Homily: 20th Sunday in Ordinary Time
August 18, 2024
My dear brothers and sisters, today the 20th Sunday in Ordinary time year B is the 4th consecutive Sunday that the Holy Mother the church presents to us for reflection a gospel reading taken from John chapter 6 which dwells on the bread from heaven that gives life to the world. Before the Church accords a special importance and emphasis on any practice, if one looks at that practice well, one will easily see that it would be embedded so much on the words and teachings of our Lord Jesus Christ. It is always noteworthy that whenever Jesus taught about His body and blood, He did not use a coded language. In the most strongest of terms, Christ Himself emphasized eating His body and drinking His blood. Christ used clear and intelligible words in order to avoid confusion in the minds of the believers.

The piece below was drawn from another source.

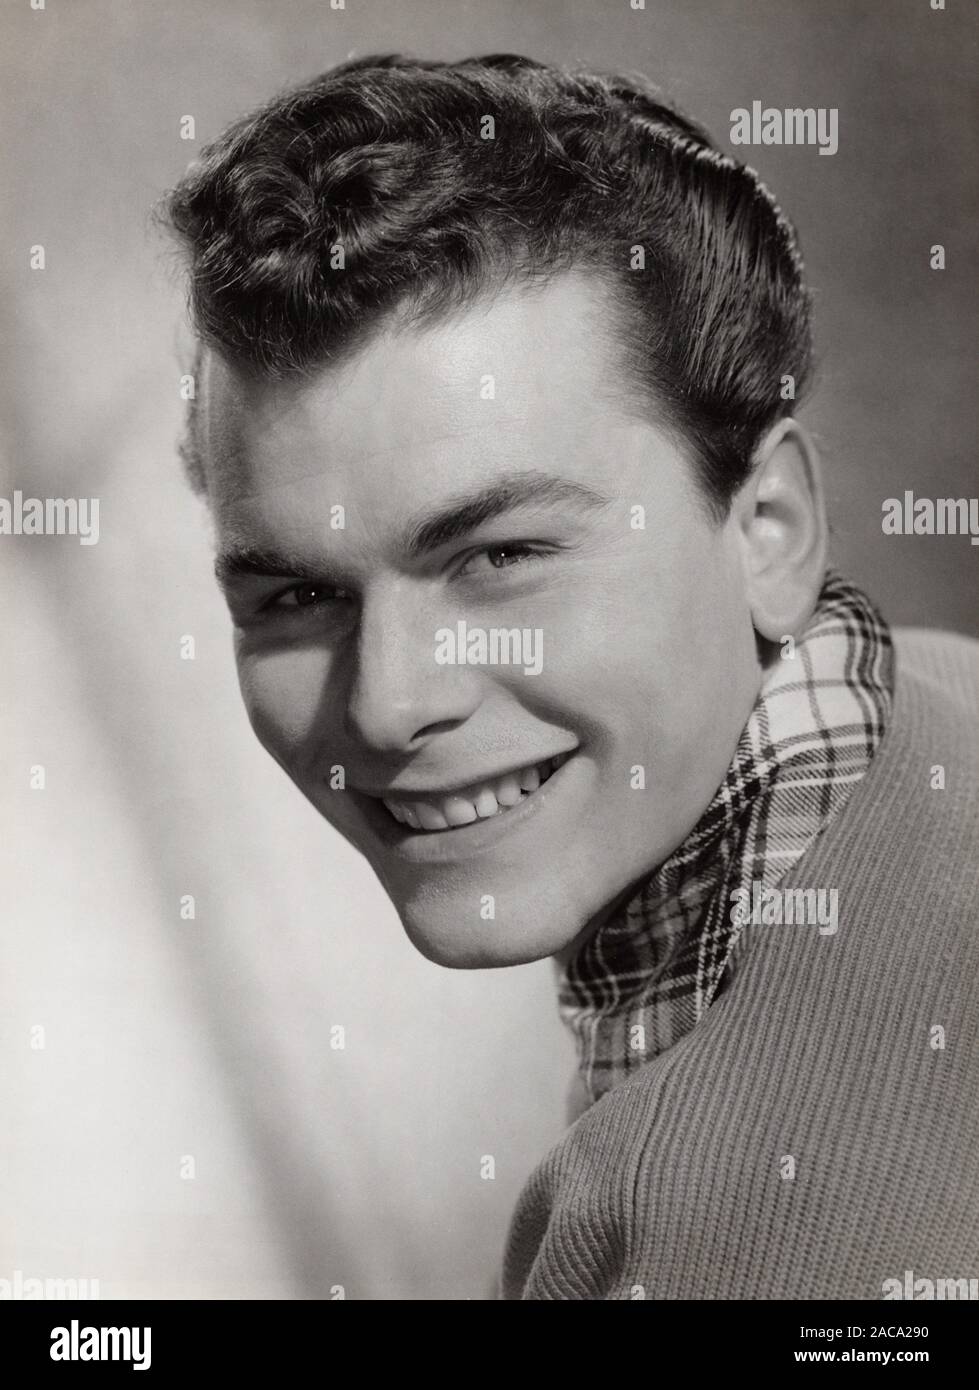 Lutz Moik, deutscher Schauspieler und Synchronsprecher, Deutschland um 1955. German actor and dubbing actor Lutz Moik, Germany around 1955. Stock Photo

Through the gospel of John, we usually see that whenever Jesus was misunderstood by his listeners, either Jesus himself or the evangelist writing corrected the misunderstanding. We can give some examples: (1) In John 3:3, Jesus taught ‘very truly, I tell you, no one can see the kingdom of God without being born from above.’ This created a misunderstanding what this birth actually means, and Jesus cleared the misunderstanding in John 3: 5 by saying, ‘very truly, I tell you, no one can enter the kingdom of God without being born of water and Spirit.’ (2) In John 2:19, Jesus taught, ‘destroy this temple and in three days, I will raise it up.’ The Jews misunderstood Jesus, they thought He was talking about the temple of Jerusalem. In John 2:21, St John cleared this misunderstanding by saying that Jesus was speaking of the temple of his body. (3) In John 11:11, Jesus said to his disciples: ‘Our friend Lazarus has fallen asleep, but I am going to awaken him.’ His disciples thought that he was talking about ordinary sleep. In John 11:13, John remarked that Jesus had been speaking about the death of Lazarus, but they thought that he was referring merely to sleep.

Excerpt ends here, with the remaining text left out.